On the high-growth end, energy players like Occidental Petroleum (OXY) and Murphy Oil (MUR) made the list. Occidental, in particular, boasts a staggering five-year dividend CAGR of 88.8%, signaling a dramatic turnaround and commitment to returning cash to shareholders.

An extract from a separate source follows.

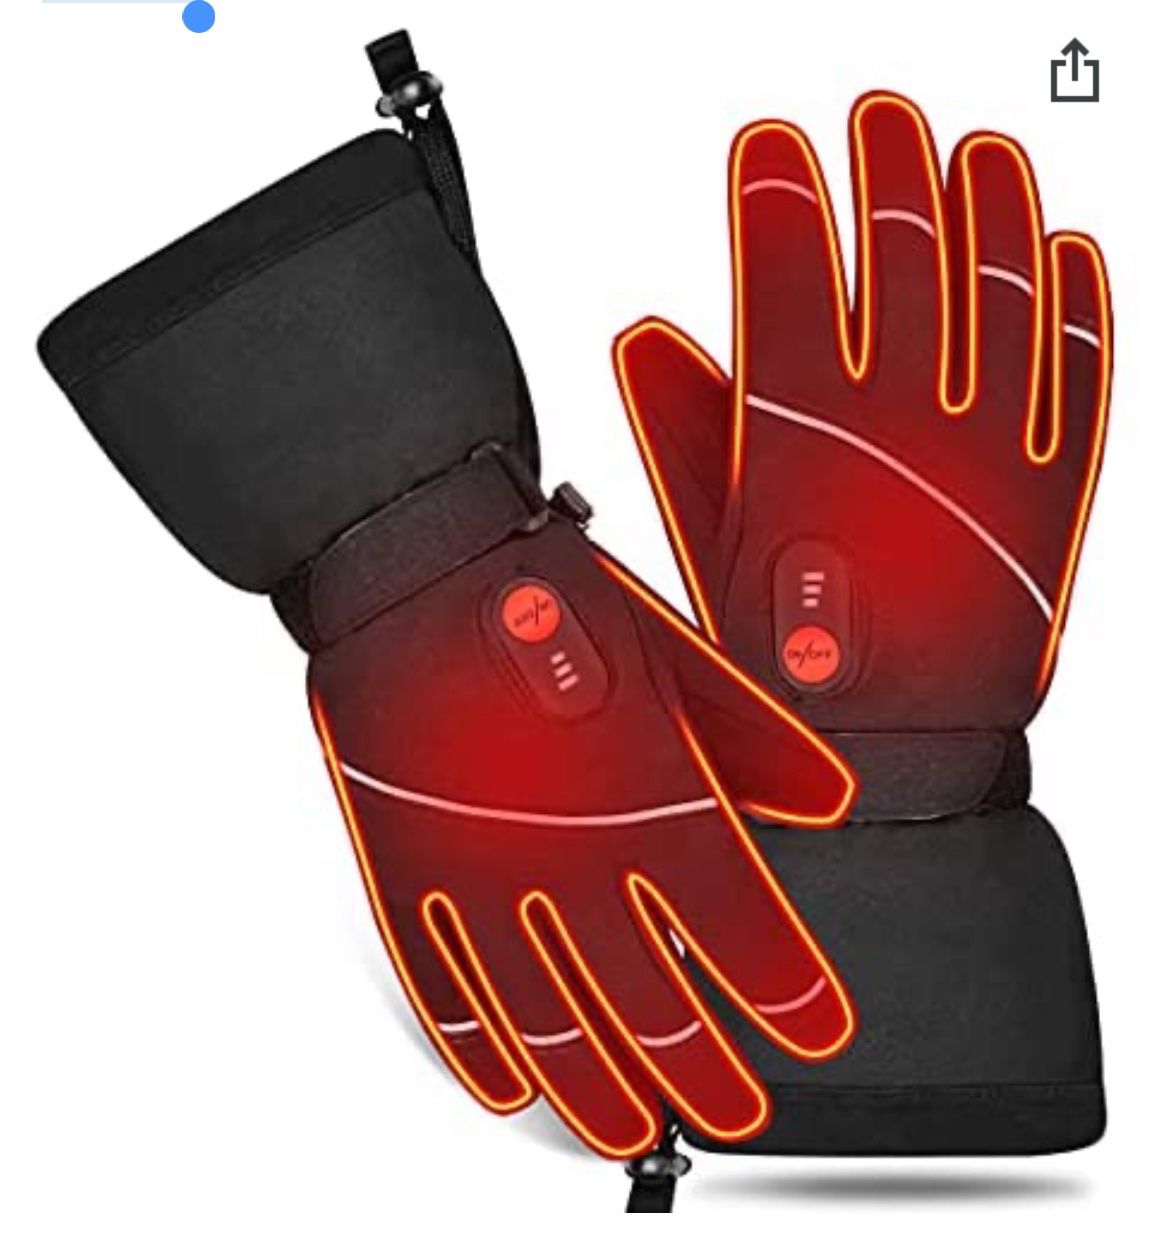 Electrical Heated Gloves Rechargeable - Batteries Gloves for Men Women,Winter Thermal Gloves for Outdoor Motorcycling Skiing Camping Hunting Climbing

Here is the full list of companies that successfully passed all criteria:
Company | Ticker | Dividend Yield | Forward P/E | Est. Revenue CAGR (2025-2027) | 5-Year Dividend CAGR |
Upbound Group Inc. | UPBD | 5.92% | 5.6 | 8.0% | 6.1% |
Columbia Banking System Inc. | COLB | 5.64% | 9.0 | 18.6% | 5.2% |
Murphy Oil Corp. | MUR | 5.31% | 11.5 | 7.3% | 21.1% |
PepsiCo Inc. | PEP | 4.20% | 16.7 | 3.0% | 6.8% |
Atlantic Union Bankshares Corp. | AUB | 4.05% | 9.7 | 8.9% | 6.3% |
Essential Utilities Inc. | WTRG | 3.54% | 17.0 | 6.4% | 6.8% |
Coterra Energy Inc. | CTRA | 3.41% | 8.2 | 6.2% | 16.5% |
Bank OZK | OZK | 3.33% | 8.1 | 5.4% | 9.3% |
EOG Resources Inc. | EOG | 3.31% | 11.8 | 8.0% | 22.2% |
Brown-Forman Corp. Class B | BF.B | 3.20% | 16.9 | 1.9% | 5.4% |
Archrock Inc. | AROC | 3.08% | 14.4 | 7.4% | 5.6% |
Ovintiv Inc. | OVV | 3.01% | 8.3 | 5.0% | 26.2% |
UnitedHealth Group Inc. | UNH | 2.87% | 13.0 | 6.2% | 12.1% |
Lamb Weston Holdings Inc. | LW | 2.82% | 15.1 | 2.5% | 10.0% |
Banc of California Inc. | BANC | 2.71% | 10.5 | 8.8% | 10.8% |
Constellation Brands Inc. Class A | STZ | 2.37% | 13.2 | 1.1% | 6.3% |
Occidental Petroleum Corp. | OXY | 2.19% | 15.3 | 4.0% | 88.8% |
Source: FactSet |
A Starting Point for Savvy Investors
While a powerful tool, a stock screen is not a substitute for due diligence. Buckingham’s “greedy contrarian” approach suggests that these out-of-favor stocks are worth a closer look precisely because the market may be overlooking their potential. For investors willing to do their own research, this list provides a treasure map to potentially undervalued companies poised for both growth and generous shareholder returns.